Every nonprofit strives to make a difference in the world and looks to its Board of Directors to lead the way by planning for its future, safeguarding its fiscal health, and monitoring its programs to ensure mission impact.


As a professional association of educators dedicated to cultivating, supporting, and empowering education professionals who work with individuals with disabilities, we seek a board with a diversity of experiences, perspectives and expertise committed to our core values of visionary thinking, inclusiveness and integrity. This will help ensure that CEC has the capacity to advance its mission, and serve its members and the field through: advocating for education professionals and for individuals with disabilities, and/or gifts and talents; advancing professional practice and scholarly research; promoting diversity, equity, inclusivity, and accessibility; and building networks, partnerships, and communities.



The board consists of 16 members including the four officers (specifically, the President, President Elect, Immediate Past President, and Treasurer). The term of office for members of the Board of Directors shall be three four years. The terms shall be staggered on a fixed-cycle basis according to an established schedule so that, as nearly as possible, one-third of the members are elected each year. The term of a director shall expire at the end of the period for which he or she was elected or appointed.

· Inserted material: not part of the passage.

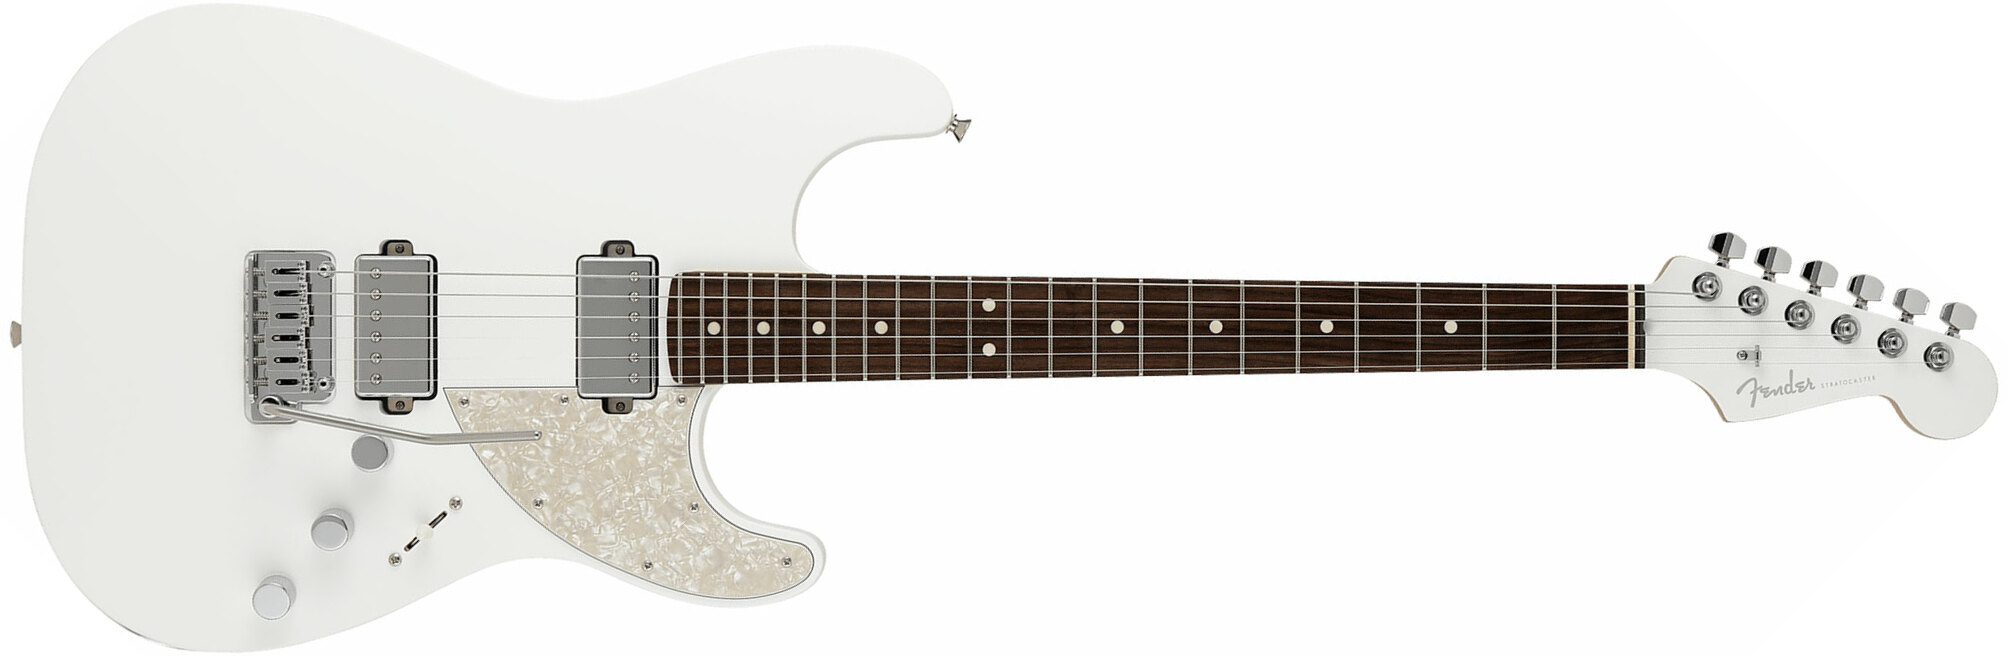 Fender Strat Elemental Mij Jap 2h Trem Rw - Nimbus White - Guitarra eléctrica con forma de str. - Main picture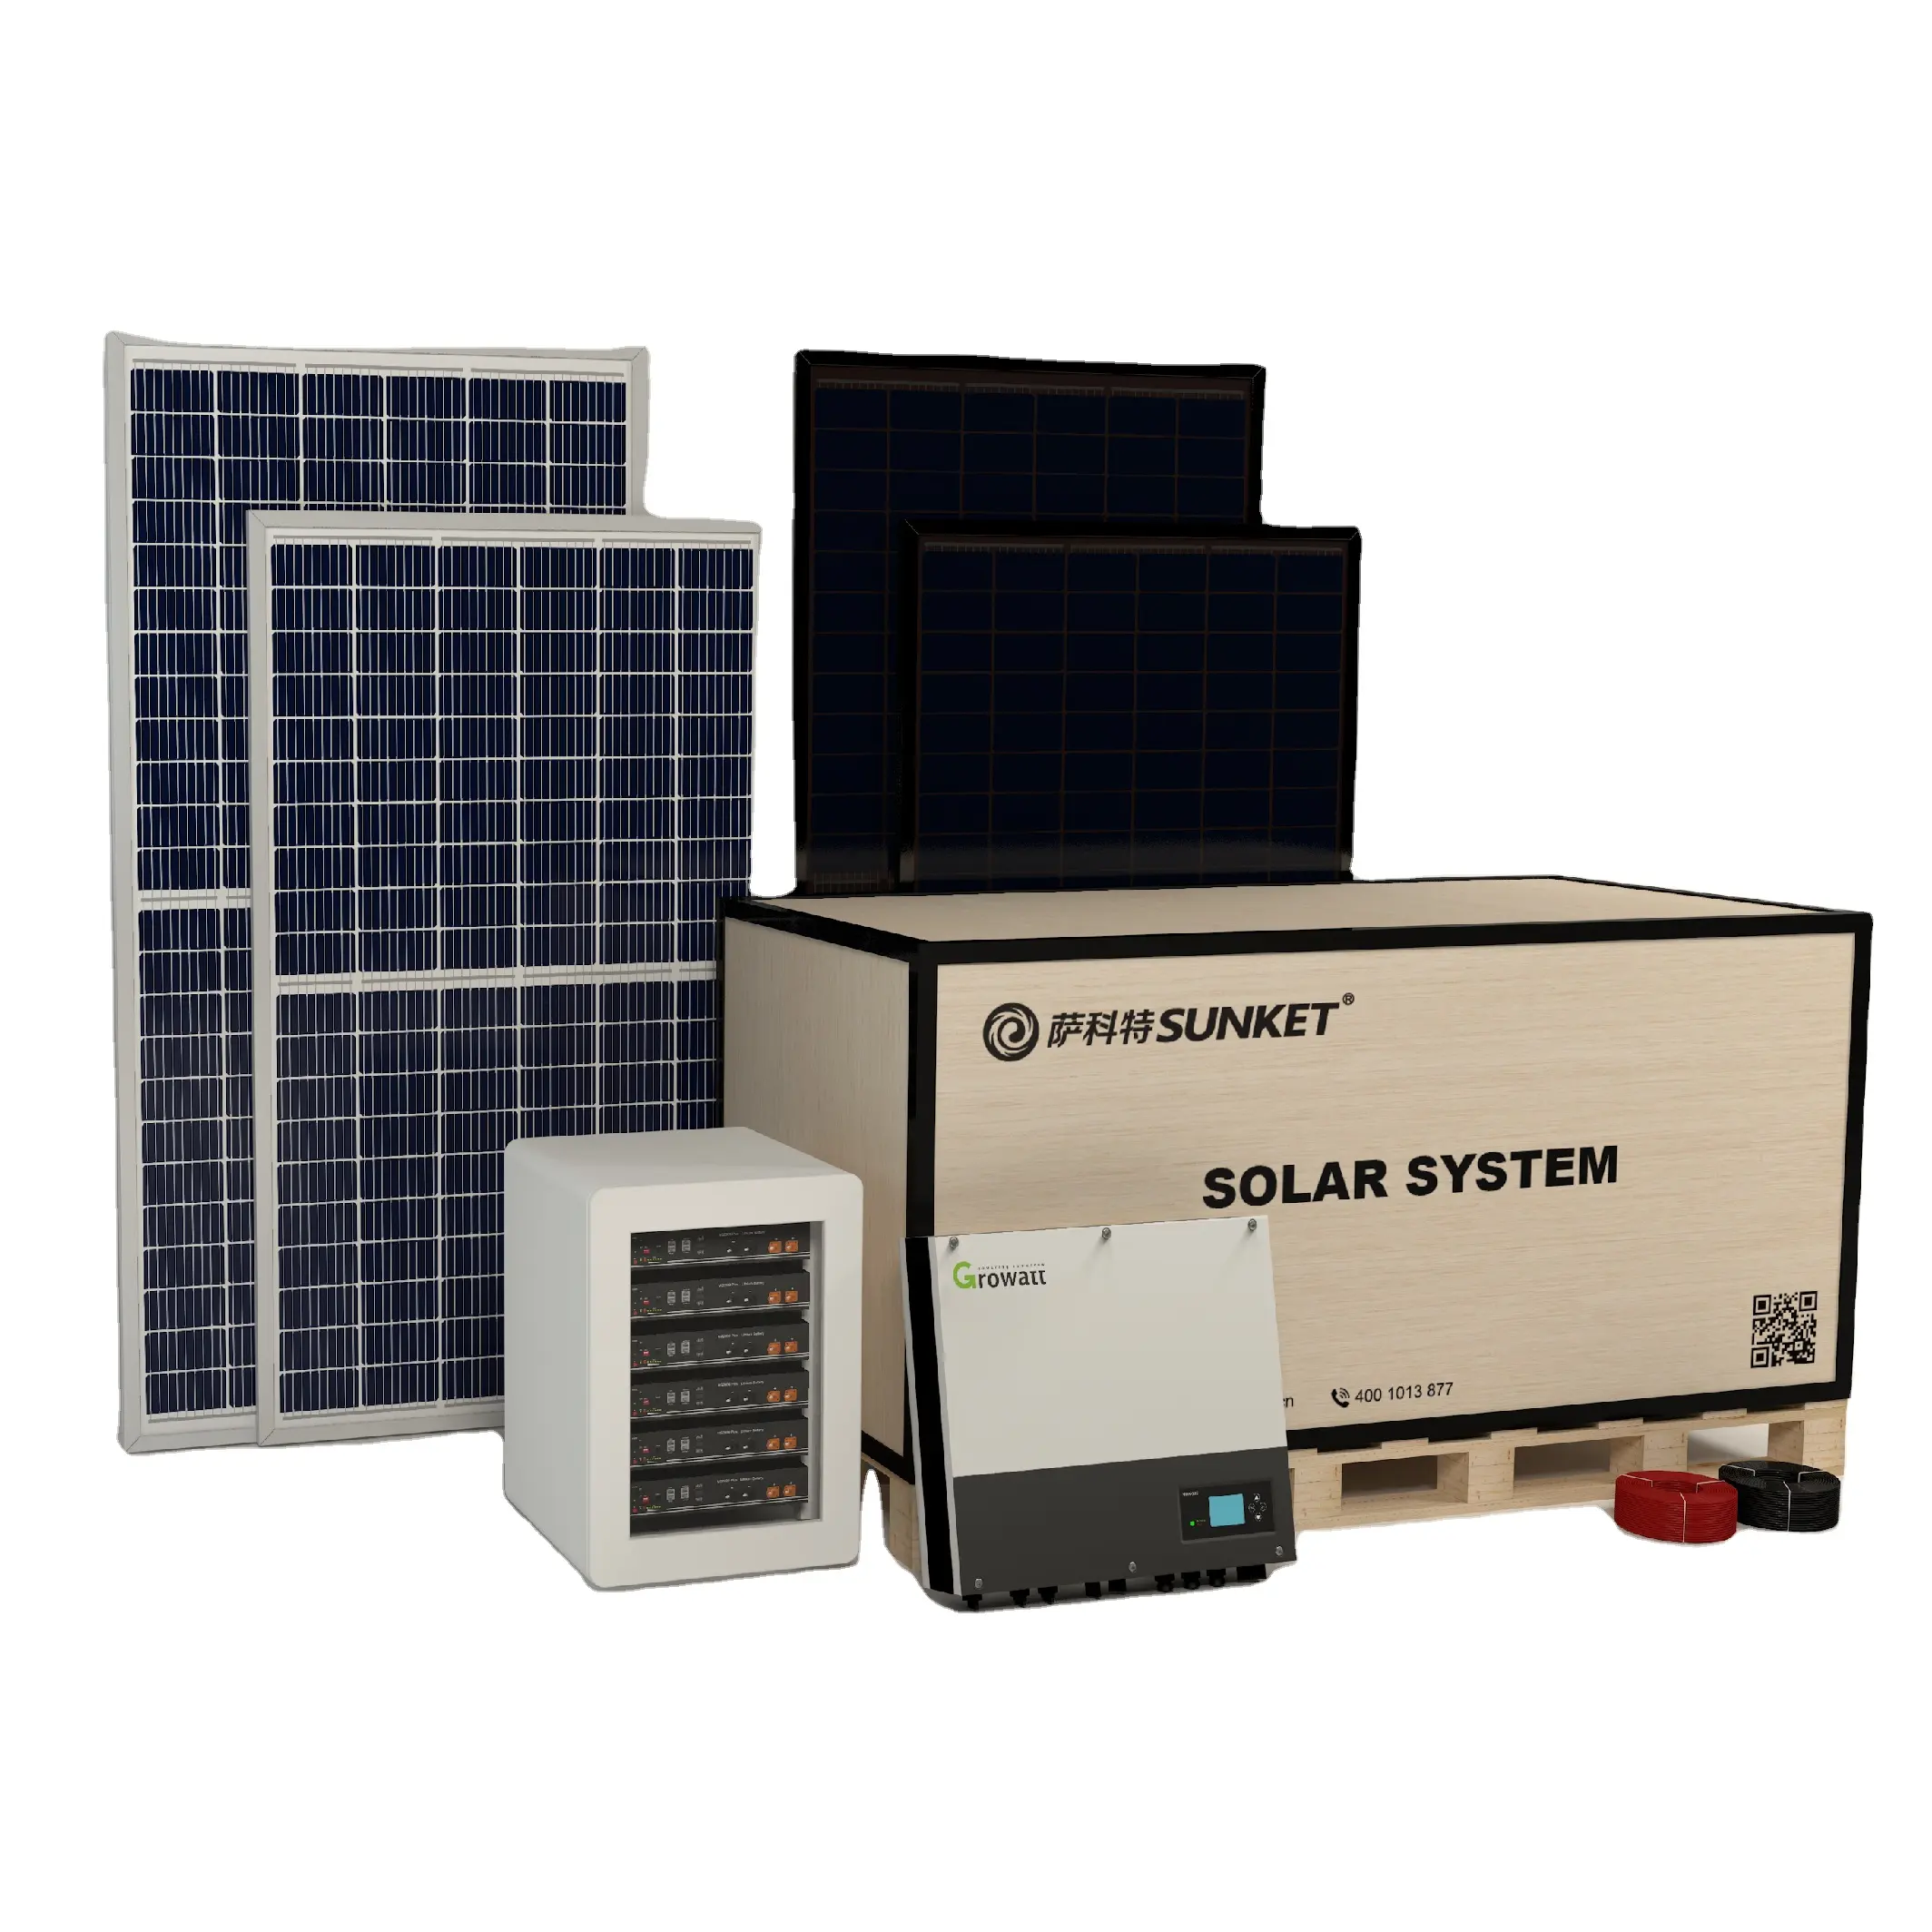 フラット接地商用産業用OPC太陽光発電所プロジェクト100kw500kw 1.5MW 3MW 3フェーズオングリッドソーラーパワーシステム

PLEASE NOTE: Members of the CEC Board of Directors may not serve in any member-elected position on a CEC Unit or Division Board (e.g., the governing body of the unit or division) or Committee while serving in their CEC Board role if there is more than one year left to their term. In addition, they may not serve on or chair any CEC committee, unless appointed as an ex-officio liaison by the CEC President. Members of the CEC Board may be asked by the President to serve on workgroups.

The Board of Directors is the sole governing body of the association, responsible for the ultimate direction of the organization and the management of its affairs. The board may:

  • delegate authority to act on its behalf to others, such as committees or workgroups.
  • remains legally responsible for any actions taken by any person or entity to whom it delegates authority.
  • is responsible for policymaking, while employees are responsible for executing day-to-day operations and implementing board policy.

Directors have no inherent individual authority or power. Their authority and power is exercised collectively as a board. The Powers and Duties of the Board include:

  • determining the organization’s mission and purposes and advocating for them
  • selecting, supporting and evaluating the chief executive
  • ensuring effective planning
  • monitoring and strengthening programs and services
  • protecting assets, providing financial oversight and ensuring adequate financial resources
  • ensuring legal and ethical integrity
  • enhancing the organization’s public standing
cec board governance responsibilities

The Board has four in-person meetings per year and several virtual meetings. One of the in-person meetings is held at the Council's annual convention; others are held on weekends, typically in January, July (in conjunction with the Special Education Legislative Summit), and November. In order to attend the board meeting during the Convention, the registration fee is paid by CEC. Board members are expected to attend the Board meeting on the first day of the convention, as well as the Representative Assembly (RA) meeting, held on the afternoon of the next to the last day of the convention, with other responsibilities throughout the Convention.

Reimbursable expenses incurred to attend Board meetings include transportation to/from the meeting (airfare/train and transportation to/from airport and hotel), as well as parking/tolls/mileage if driving, and any baggage check fees. Per diem is provided for meals not included. Discretionary local transportation is not reimbursable. Teachers serving on the board are reimbursed for substitute teachers, if needed, to attend official meetings of the Board. In order to attend the board and Representative Assembly meetings at the Convention, the registration fee is covered by CEC.

Service on the Board of Directors is not compensated.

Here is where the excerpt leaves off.